2.3. Data Collection

In this study, 893 samples were collected to evaluate and predict the osmotic coefficient in the equilibrium systems of inorganic materials. The dataset includes 27 parameters such as HCl, LiCl, NaCl, KCl, NH₄Cl, CsCl, MgCl₂, CaCl₂, BaCl₂, Li₂SO₄, Na₂SO₄, K₂SO₄, (NH₄)₂SO₄, MgSO₄, MnSO₄, NiSO₄, CuSO₄, ZnSO₄, NaH₂PO₄, KH₂PO₄, (NH₄)H₂PO₄, Na₂HPO₄, K₂HPO₄, (NH₄)₂HPO₄, Na₃PO₄, K₃PO₄, and (NH₄)₃PO₄. The experimental osmotic coefficient data were obtained from published scientific studies and were carefully processed to ensure reliable and consistent results. This preprocessing included unit normalization to maintain consistent measurement scales across all parameters, as well as outlier removal to eliminate unusual data points that could distort the results. For accurate model performance evaluation, the dataset was randomly split into training (70%) and testing (30%) subsets using a fixed random seed, ensuring reproducibility and fair comparison across different optimization experiments. Performance metrics such as R² were calculated exclusively on the test set. Table 1 provides detailed information about the collected dataset, including the target minerals. The dataset used for training and evaluating the performance of the algorithms in this study is provided in the Supplementary Materials.

3. Results and Discussion

In Figure 1, the complete correlation matrix is presented to evaluate the effect of dissolved mineral components on the osmotic coefficient in an equilibrium system. The figure shows that most features have low correlation with each other, indicating that each mineral contributes relatively independently to the osmotic behavior of the solution. Therefore, the osmotic coefficient is controlled by the combined influence of multiple ions rather than by a single dominant component. Chloride-based salts show moderate positive correlations among themselves. This suggests that minerals such as NaCl, KCl, and NH₄Cl affect the osmotic coefficient in a similar way because they have comparable ion–water interactions. These salts mainly control osmotic pressure through ionic strength and hydration of monovalent and divalent cations. Sulfate salts form another clear correlated group. The strong correlation between different sulfate minerals indicates that the sulfate anion plays an important role in determining the osmotic coefficient.
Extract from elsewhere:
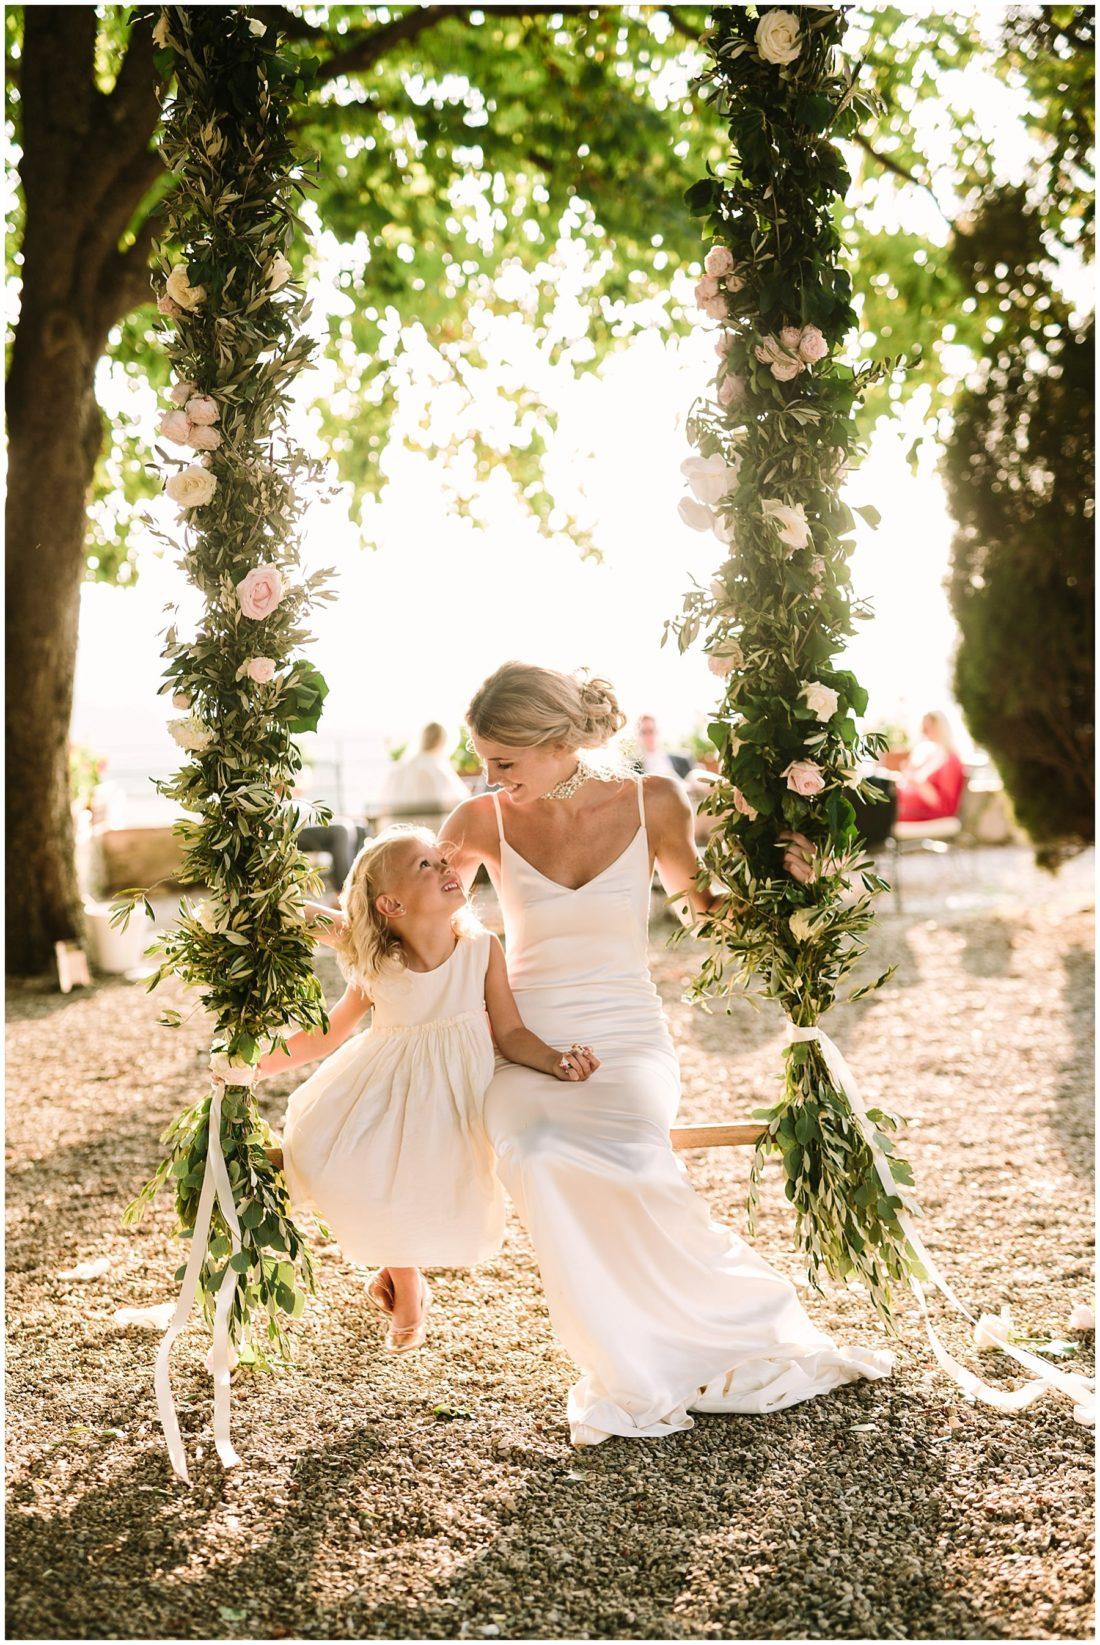 Matrimonio Tema Toscana : Fotografia di matrimonio in toscana fotografi professionisti di

Sulfate ions have a higher charge and stronger electrostatic interactions, which increase non-ideal behavior in the solution and significantly affect osmotic properties. In contrast, phosphate-based salts show very weak correlations with other minerals. This means their effect on the osmotic coefficient is different and more complex. Phosphate ions have higher valence and stronger ion pairing, which leads to nonlinear and system-specific effects in equilibrium conditions. Based on the results of this figure, the osmotic coefficient in a mineral equilibrium system is mainly influenced by ion type, ionic charge, and anion group. Multivalent ions generally have a stronger impact than monovalent ions. The low correlation between most features shows that using all mineral components is important for accurate modeling and prediction of the osmotic coefficient.
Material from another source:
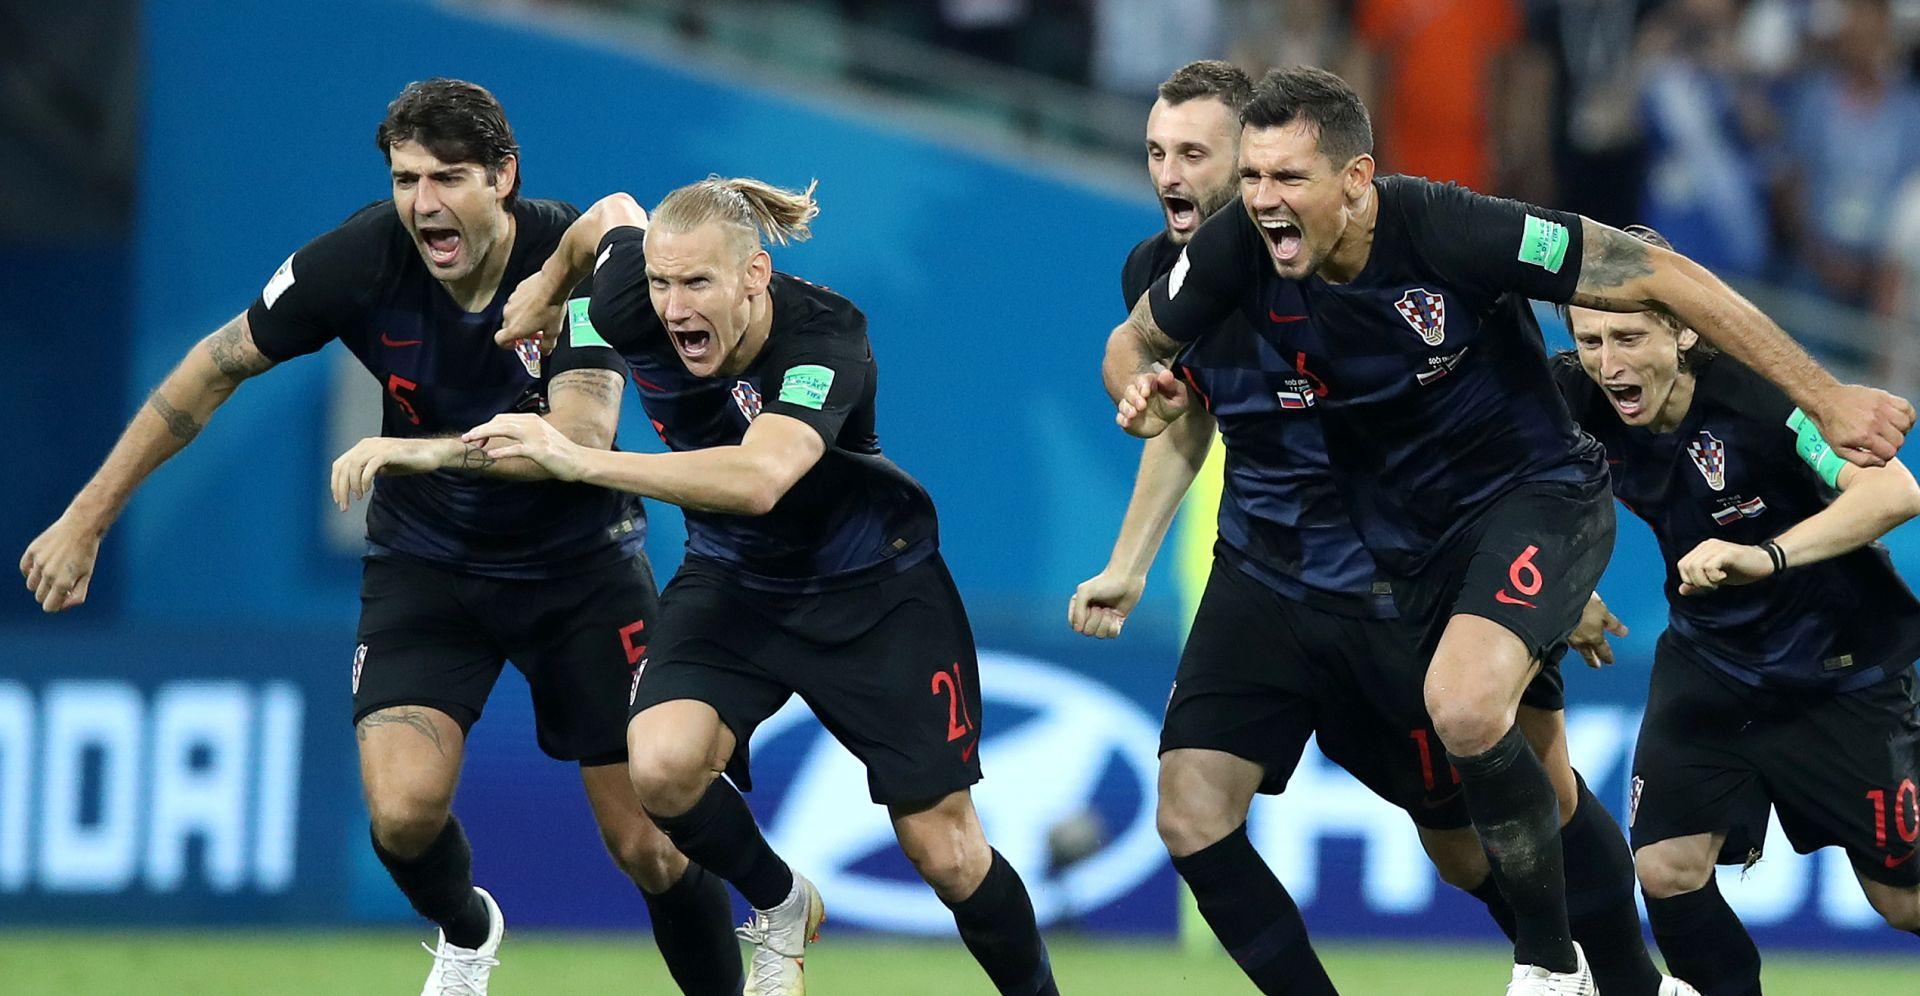 Može li Hrvatska do još jednog rekorda?

In Figure 2, the feature importance for predicting the osmosis coefficient is presented using the Out-of-Bag (OOB) method. This chart shows which chemical features have the strongest influence on the osmotic coefficient. The most important feature is LCI, with the highest importance score, meaning it has the greatest effect on the osmotic coefficient. It is followed by CaCl₂ and MgCl₂, which also show strong influence. Features such as NiSO₄ and HCl have moderate importance, while chemicals like NaCl, MnSO₄, and ZnSO₄ have lower impact. At the bottom of the ranking, features like K₃PO₄, Na₃PO₄, and (NH4)₃PO₄ have considerably lower effects on the osmotic coefficient. This means that changes in these low-importance features do not significantly change the predicted osmotic coefficient value. Figure 2 helps identify which chemical factors should be prioritized when modeling or controlling the osmotic coefficient. As shown in Figure 2, LiCl exhibits the highest feature importance score, followed by NaCl and KCl. This dominance of LiCl can be explained by its unique physicochemical properties: the small ionic radius and high charge density of Li⁺ lead to a strong hydration shell and pronounced ion–dipole interactions with water molecules, which significantly alter the hydrogen bonding network and thus the osmotic coefficient of the solution. In contrast, larger alkali ions (Na⁺, K⁺, Cs⁺) have lower charge densities and weaker hydration effects, resulting in relatively lower importance scores. Among divalent cations (Mg²⁺, Ca²⁺, Ba²⁺), despite their stronger electrostatic interactions, their overall influence on the osmotic coefficient in the present dataset is moderate, likely due to different ion pairing behavior and solubility constraints.

In Figure 3, the training and test results for the hybrid GOA-DT approach are shown. This approach was used to predict the osmotic coefficient in an equilibrium system containing inorganic materials. The optimal hyperparameters identified were: a minimum leaf size of 2, a maximum of 199 splits, and a minimum parent size of 2. The model demonstrated high performance on both datasets. On the training data, the model achieved an excellent R² score of 0.9670 and a very low Root Mean Squared Error (RMSE) of 0.0604.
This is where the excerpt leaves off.